使用文本编辑器手动或使用字符/字符串函数以编程方式将数据处理为文本。以编程方式执行此操作的范围从棘手到不可能，因为看似可预测的事情往往并非如此——打破规则很少受规则约束。
- 对于无效字符错误，使用正则表达式删除/替换无效字符：
  - PHP：preg_replace('/[^\x{0009}\x{000a}\x{000d}\x{0020}-\x{D7FF}\x{E000}-\x{FFFD}]+/u', ' ', $s);
  - 红宝石：string.tr("^\u{0009}\u{000a}\u{000d}\u{0020}-\u{D7FF}\u{E000??}-\u{FFFD}", ' ')
  - JavaScript：inputStr.replace(/[^\x09\x0A\x0D\x20-\xFF\x85\xA0-\uD7FF\uE000-\uFDCF\uFDE0-\uFFFD]/gm, '')
- 对于& 符号，使用正则表达式替换匹配项&：^{_{credit: blhsin, demo}}
```
&(?!(?:#\d+|#x[0-9a-f]+|\w+);)
```
请注意，上述正则表达式不会考虑注释或 CDATA 部分。

Answer 2

回答by Jim Garrison

A standard XML parser will NEVER accept invalid XML, by design.

按照设计，标准的 XML 解析器永远不会接受无效的 XML。

Your only option is to pre-process the input to remove the "predictably invalid" content, or wrap it in CDATA, prior to parsing it.

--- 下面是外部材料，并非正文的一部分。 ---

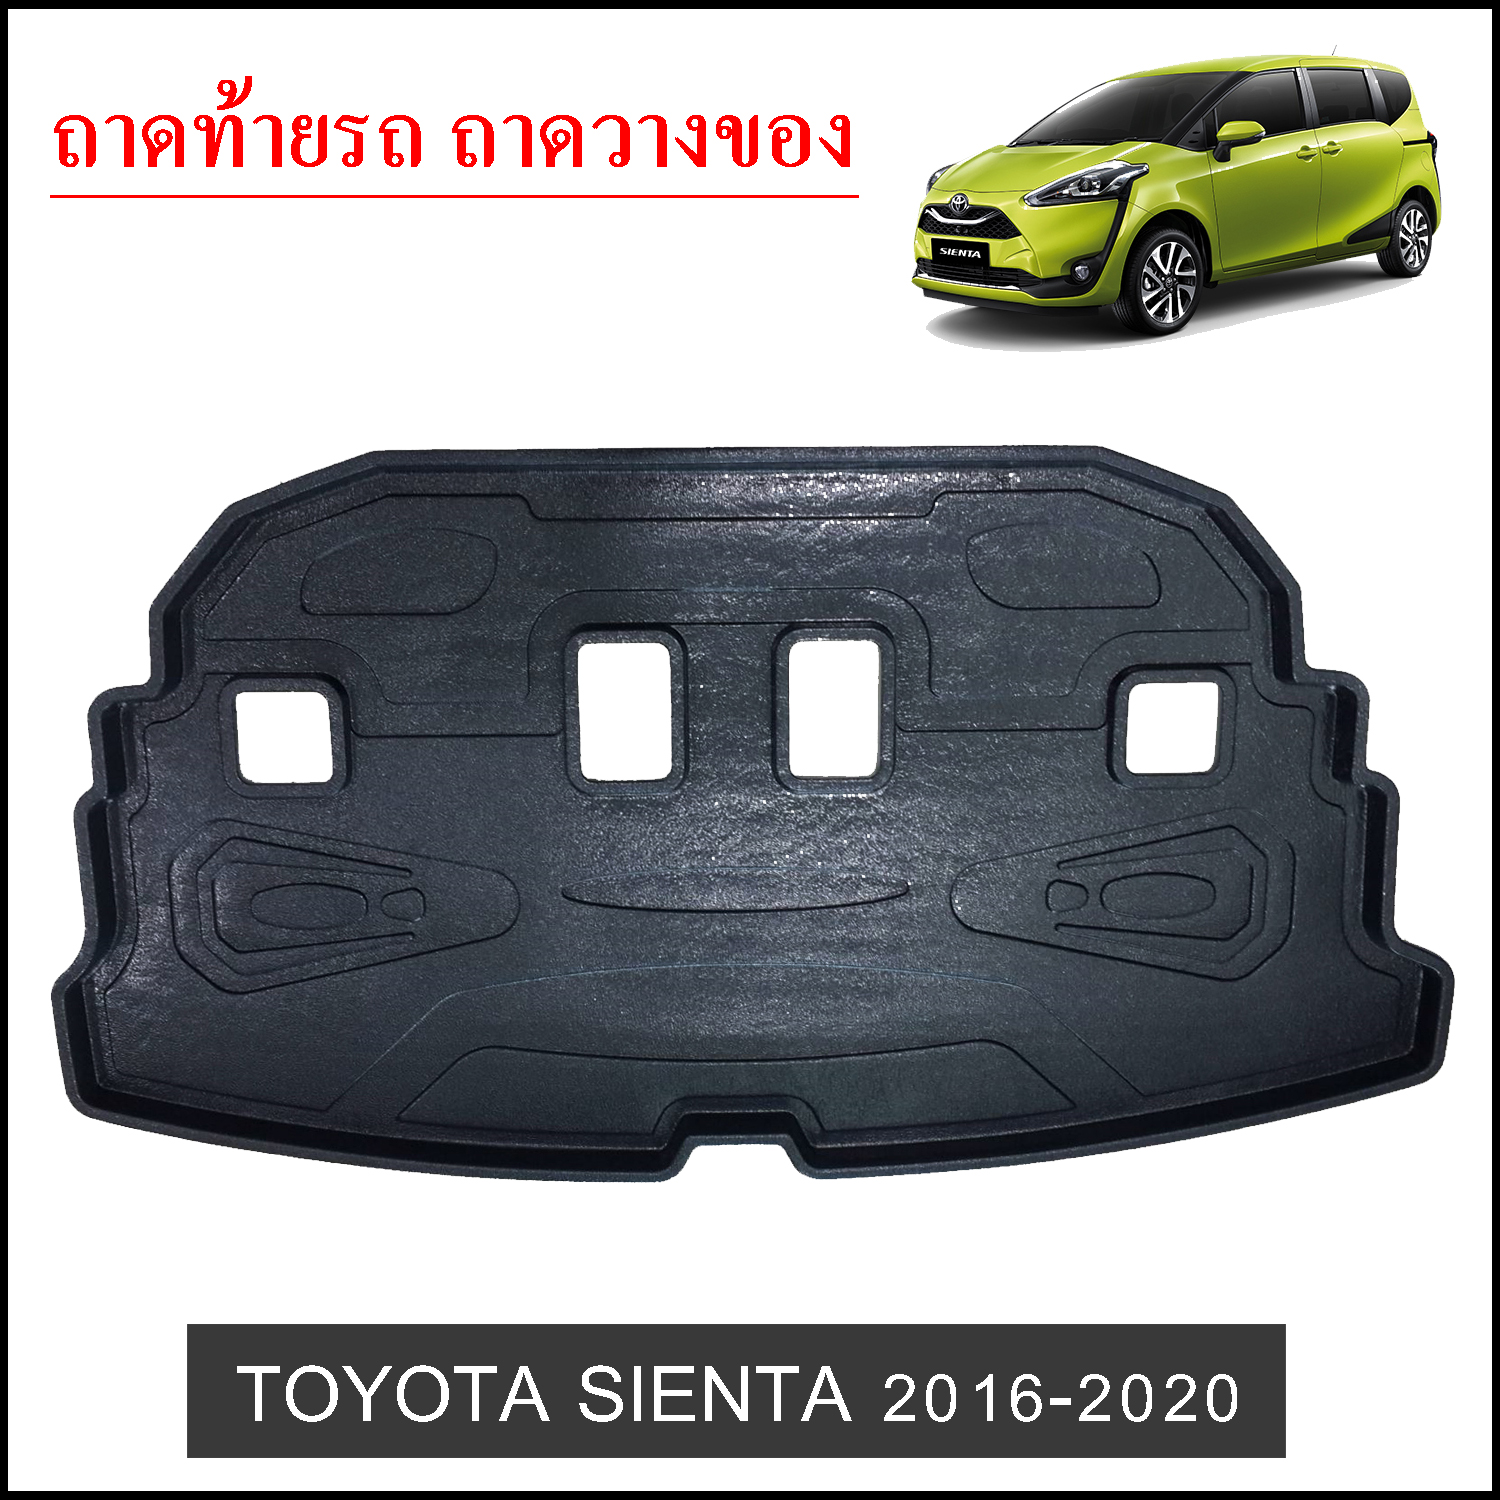 ถาดท้ายวางของ Toyota Sienta 2016-2020
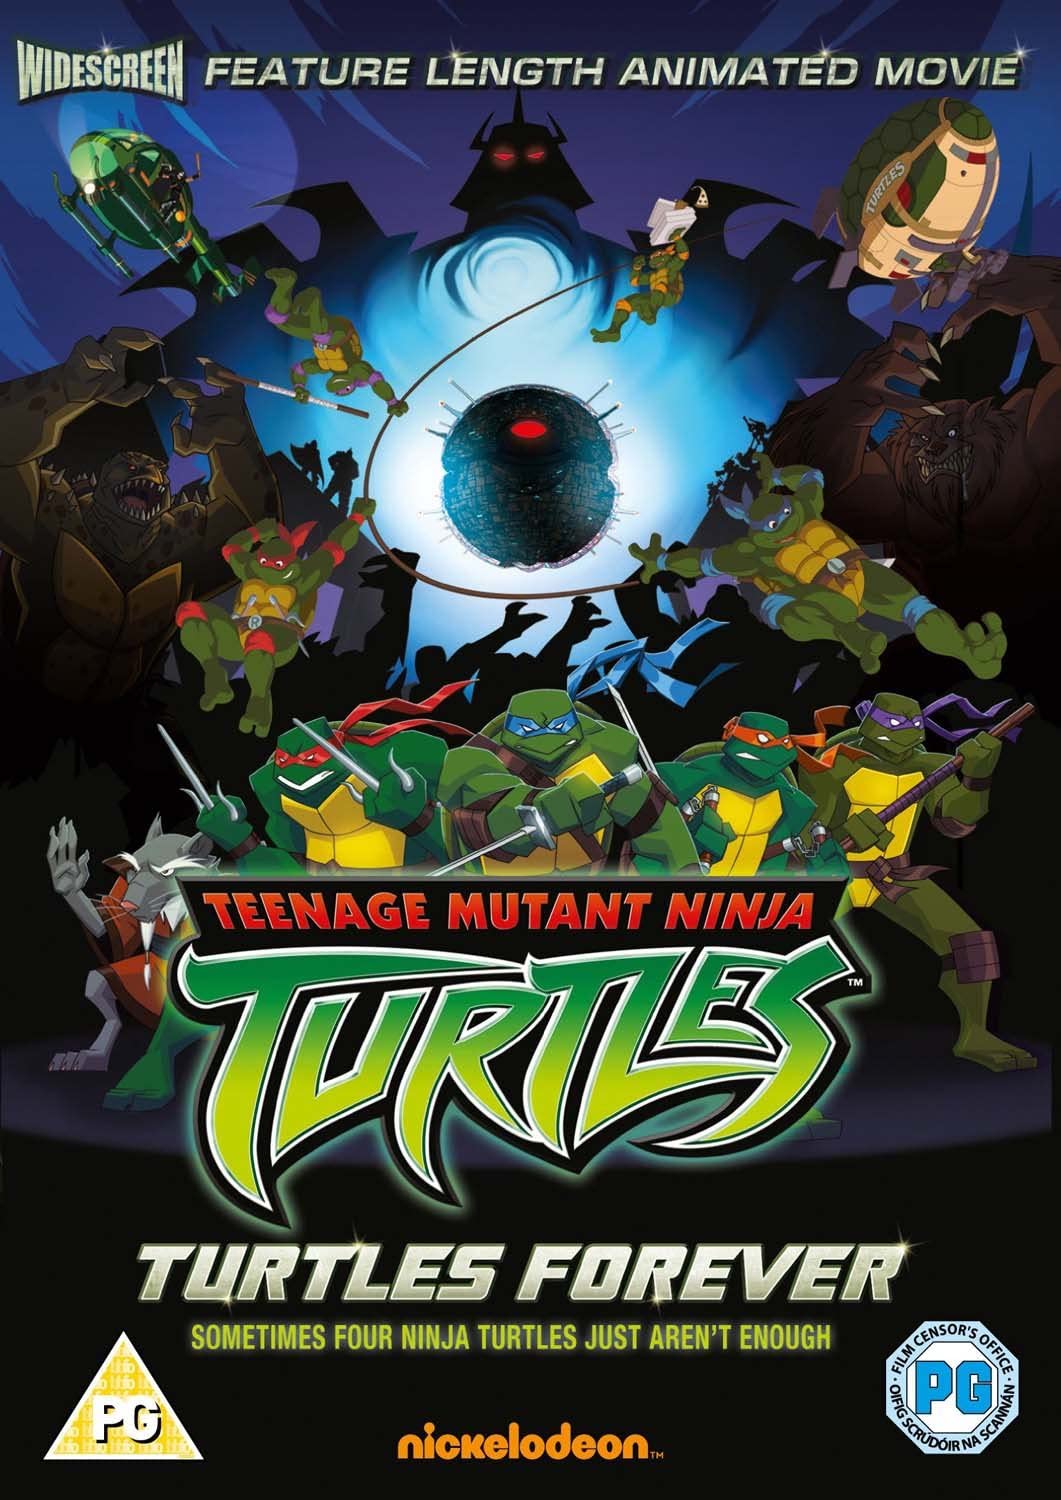 Ninja Mutant Ninja Turtles: Turtles Forever [2009] – Animation/Thriller [DVD]

您唯一的选择是预处理输入以删除“可预测无效”的内容，或在解析之前将其包装在 CDATA 中。

Answer 3

回答by Benj

IMO these cases should be solved by using JSoup.

IMO 这些情况应该通过使用JSoup来解决。

Below is a not-really answer for this specific case, but found this on the web(thanks to inuyasha82 on Coderwall). This code bit did inspire me for another similar problem while dealing with malformed XMLs, so I share it here.

以下是针对此特定情况的非真正答案，但在网上找到了此答案（感谢 Coderwall 上的 inuyasha82）。这段代码确实激发了我在处理格式错误的 XML 时遇到的另一个类似问题，所以我在这里分享。

Please do not edit what is below, as it is as it on the original website.

请不要编辑下面的内容，因为它是原始网站上的内容。

The XML format, requires to be valid a unique root element declared in the document. So for example a valid xml is:

XML 格式要求在文档中声明的唯一根元素是有效的。例如，一个有效的 xml 是：

<root>
     <element>...</element>
     <element>...</element>
</root>

But if you have a document like:

但是如果你有这样的文件：

<element>...</element>
<element>...</element>
<element>...</element>
<element>...</element>

This will be considered a malformed XML, so many xml parsers just throw an Exception complaining about no root element. Etc.

这将被视为格式错误的 XML，因此许多 xml 解析器只是抛出一个 Exception 抱怨没有根元素。等等。

In this example there is a solution on how to solve that problem and succesfully parse the malformed xml above.

在这个例子中，有一个关于如何解决这个问题并成功解析上面格式错误的 xml 的解决方案。

Basically what we will do is to add programmatically a root element.

基本上我们要做的是以编程方式添加一个根元素。

So first of all you have to open the resource that contains your "malformed" xml (i. e. a file):

因此，首先您必须打开包含“格式错误”的 xml（即文件）的资源：

File file = new File(pathtofile);

Then open a FileInputStream:

然后打开一个 FileInputStream：

FileInputStream fis = new FileInputStream(file);

If we try to parse this stream with any XML library at that point we will raise the malformed document Exception.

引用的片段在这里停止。